Из-за чего начался разлад в семье, Николай так и не вспомнил. Как-то постепенно они с женой отдалялись друг от друга. Всё труднее находили общий язык с сыном. Тот хорошо учился, осваивал компьютерное программирование. Но категорически не хотел работать вместе с отцом, оформляя деревянной отделкой чужие коттеджи. Хотя, по признанию Николая, у парня это хорошо получалось, и деньги выходили немалые.
Участились ссоры, скандалы «двое на одного». Кончилось тем, что он забрал себе ещё не отделанную, нежилую половину дома без тепла и электричества, поставил ещё одну печать в паспорте. И остался свободным человеком без семьи и прочих привязанностей. Даже друзей крепких здесь за пятнадцать лет так и не нажил.
- Неужели совсем один остался? – не поверилось мне.
- Да говорю же, держала меня последние два года здесь одна ниточка. Сошёлся я с хорошей женщиной. Жил у неё, расписаться хотели, да видно не судьба… Не стало её прошлым летом. Инсульт.

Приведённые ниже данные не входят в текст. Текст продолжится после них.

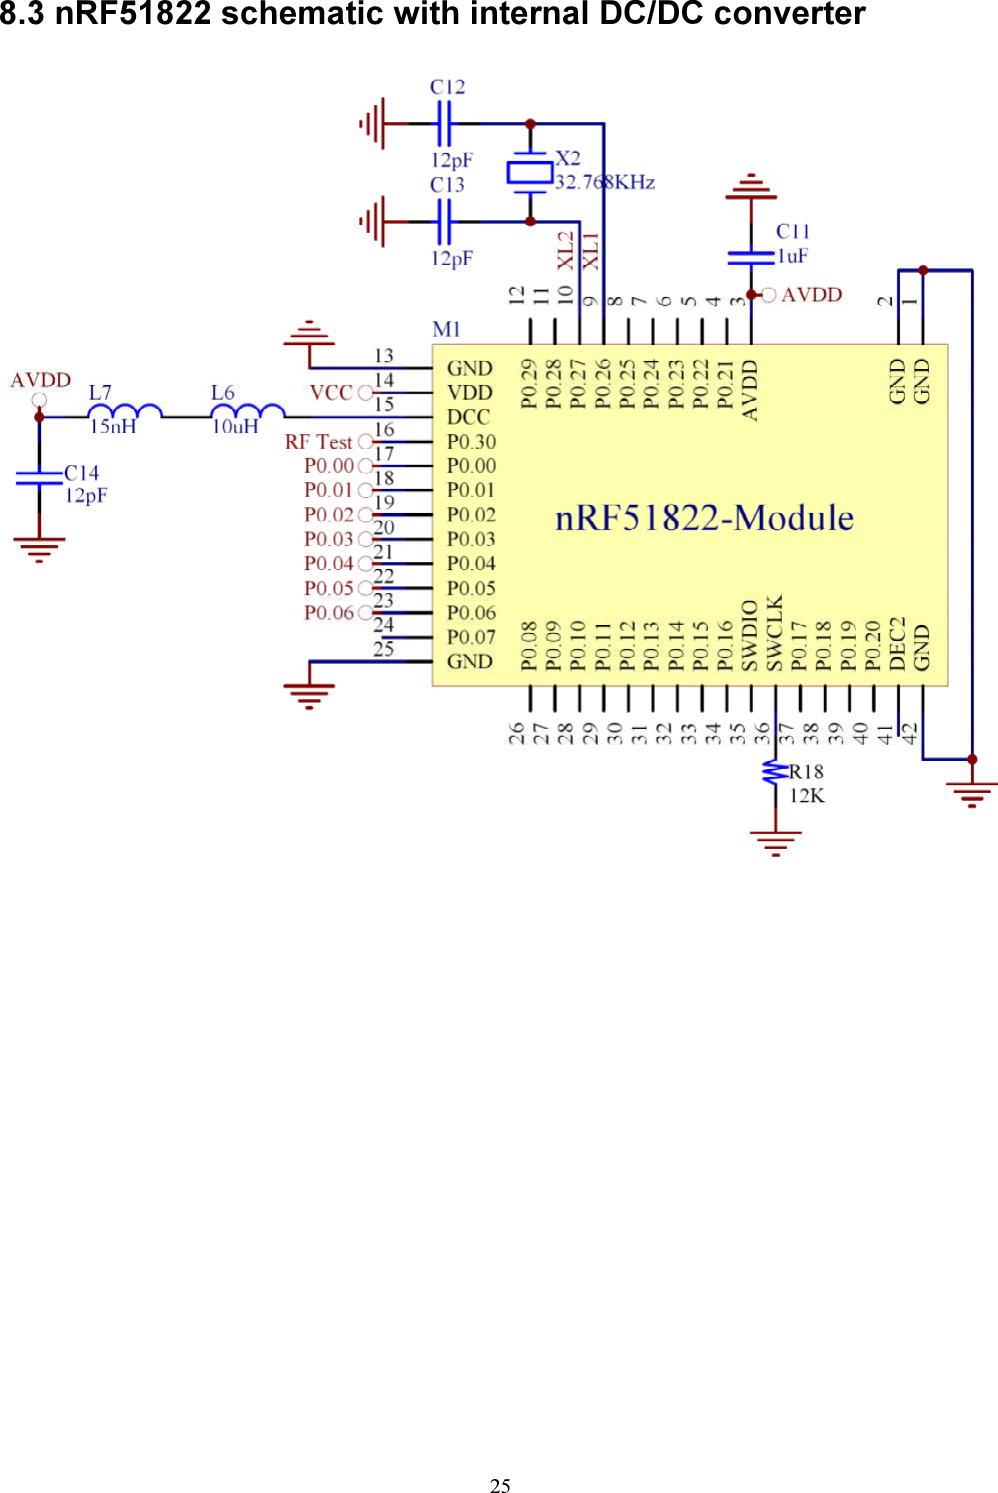 25  8.3 nRF51822 schematic with internal DC/DC converter

Прямо на моих глазах упала, и – всё.
Он подсел к столу, раскрыл очередную мисочку, в которой стопкой лежали блины, а сверху в полиэтилене был упакован мёд.
- Сегодня как раз полгода. Давай помянем. Сестрёнка напекла, я ей одной рассказал…
Он поднял тоскливый взгляд на уходящую из-под колёс казахскую степь.
- Давненько я родные места не навещал. Понимаешь, мы хоть и русские, а прижились здесь, в степях. Предки 200 лет назад казаками сюда пришли, чтоб границу России держать. И где теперь она, наша родина?
Он тяжело вздохнул, словно пытаясь ответить на этот самый непростой для себя вопрос.
- Родители из Алма-Аты назад отпускать не хотели. Сестра с мужем обещали работу подыскать. Друзья уговаривали… И в Оренбурге, когда уезжал, хозяин фирмы сказал, дескать, не вернёшься ты, останешься в своём Казахстане. Даже зарплату не стал выплачивать полностью, чтоб я всё-таки к нему вернулся. Да куда мне теперь деться-то, опять паспорт менять, что ли? И свои полдома продавать? Теперь вот и сам не знаю, зачем вообще в Россию бежал. Трудно в девяностых было и там, и тут. А в Алма-Ате нынешняя жизнь не хуже, чем в Оренбурге.
Он вышел в тамбур и долго курил, глядя вдаль на неумолимо приближающуюся к нему Россию.